[[ SUPPLIED DATA open ]]
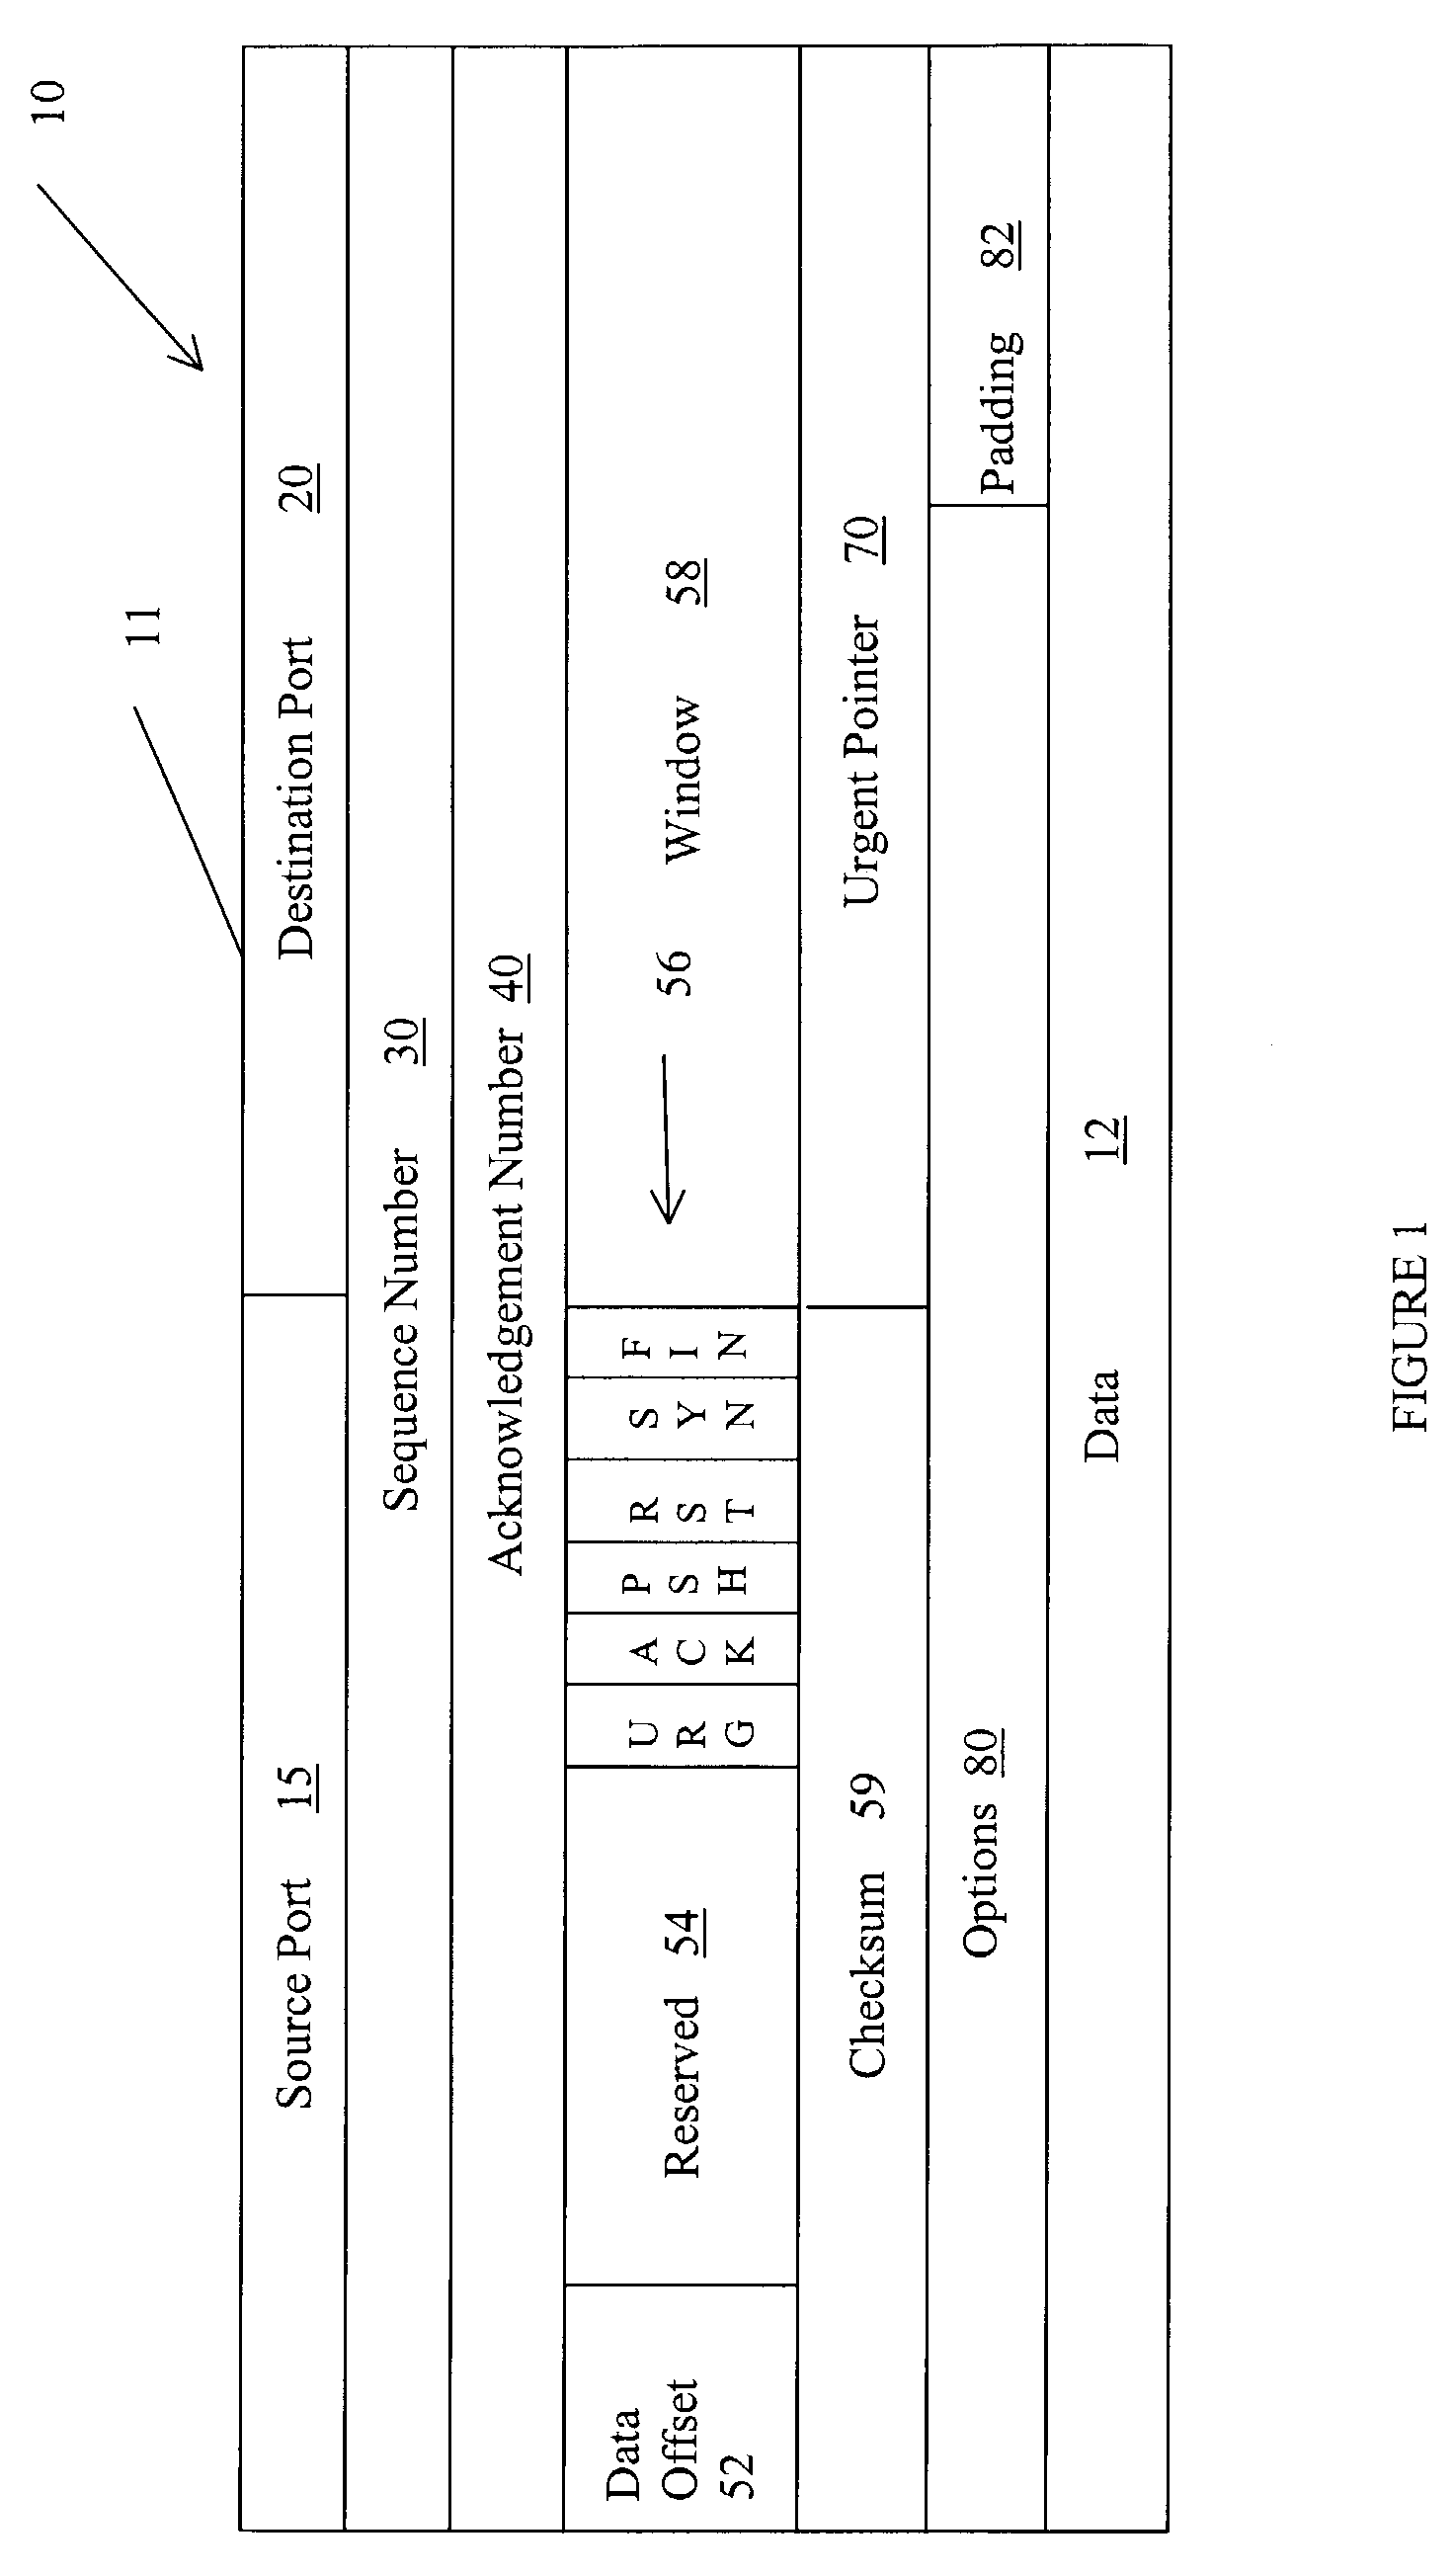 Method for splitting data and acknowledgements in a TCP session
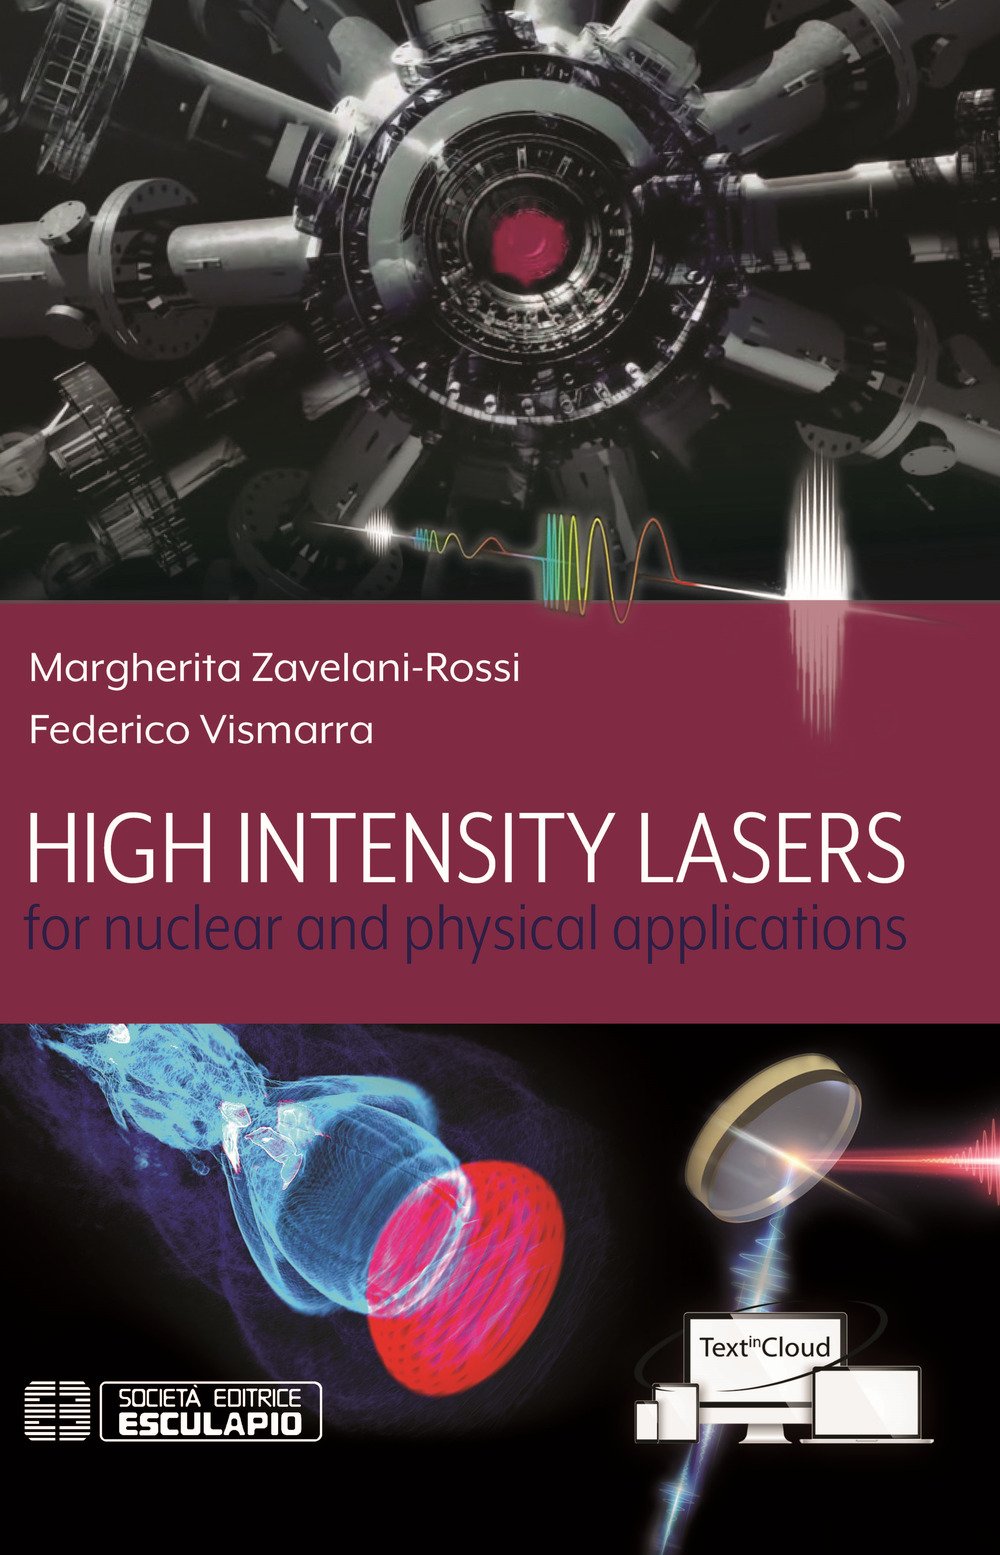 High intensity lasers for nuclear and physical applications
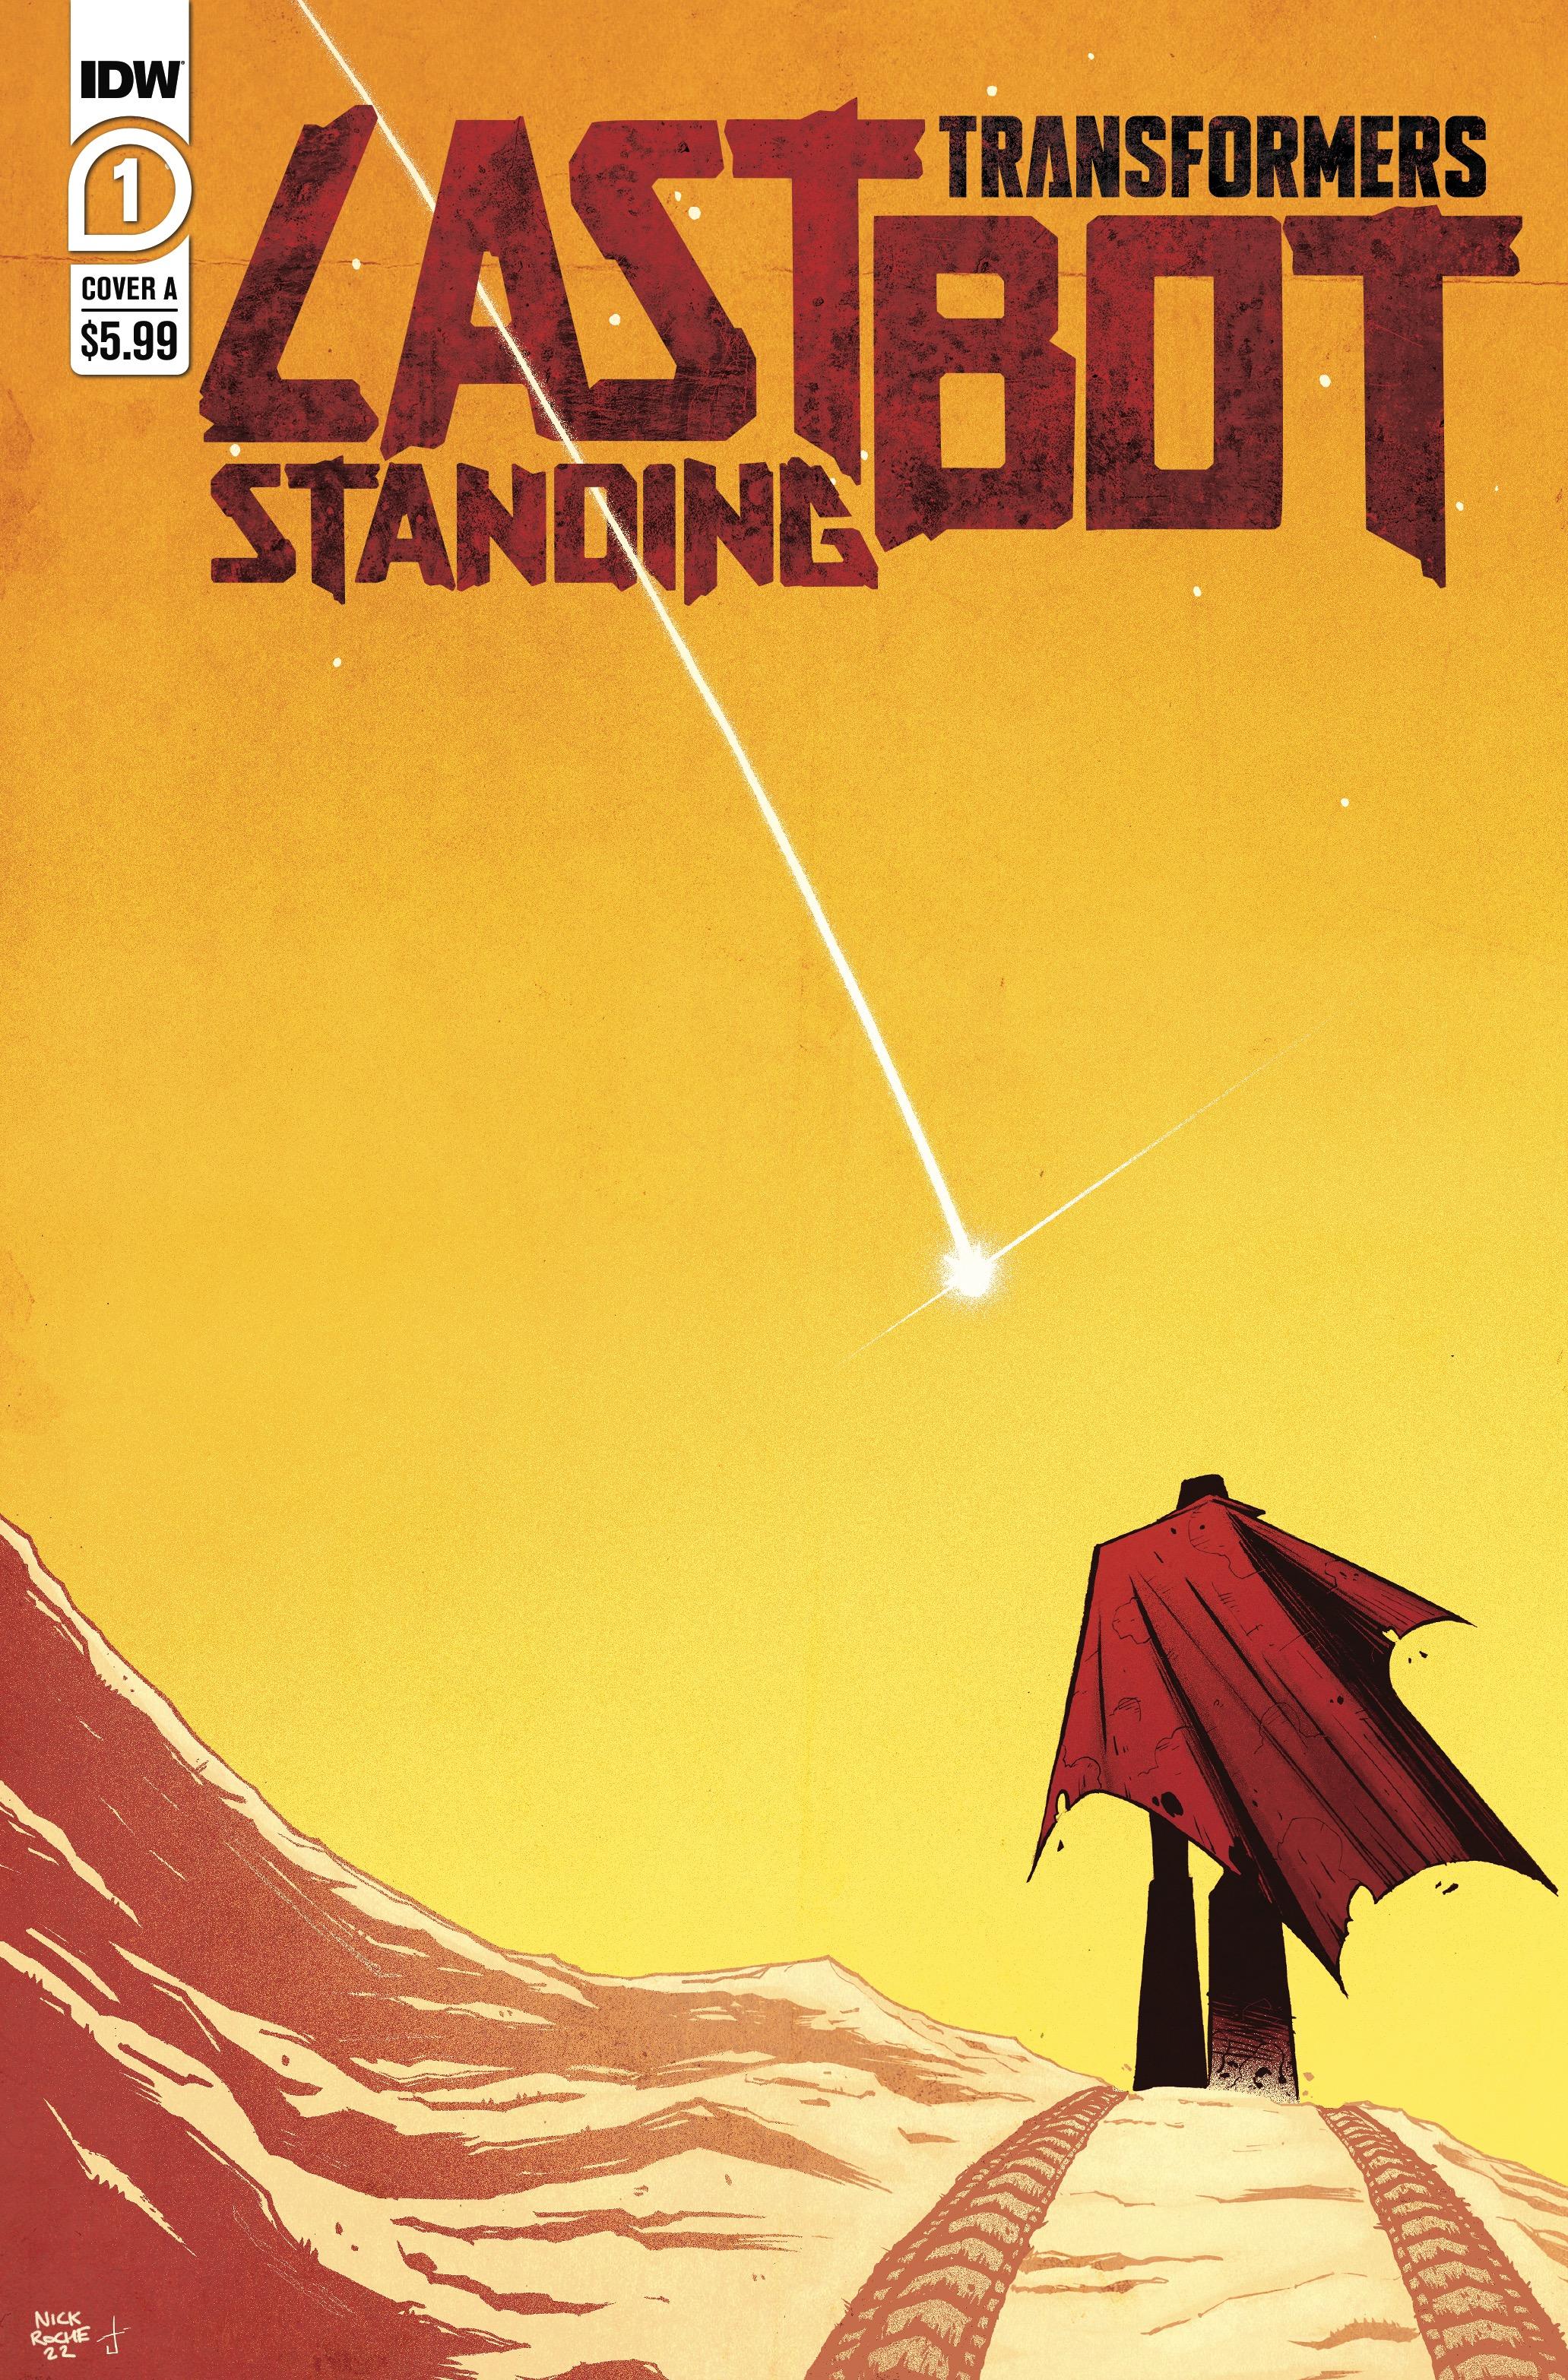 tflastbotstanding-01-cover-a.jpg
[[ SUPPLIED DATA closed ]]
WHAT YOU NEED TO DO
The material above must be printed exactly, with its pictures left out.

ANSWER SPACE
 Method for splitting data and acknowledgements in a TCP session
 High intensity lasers for nuclear and physical applications
 tflastbotstanding-01-cover-a.jpg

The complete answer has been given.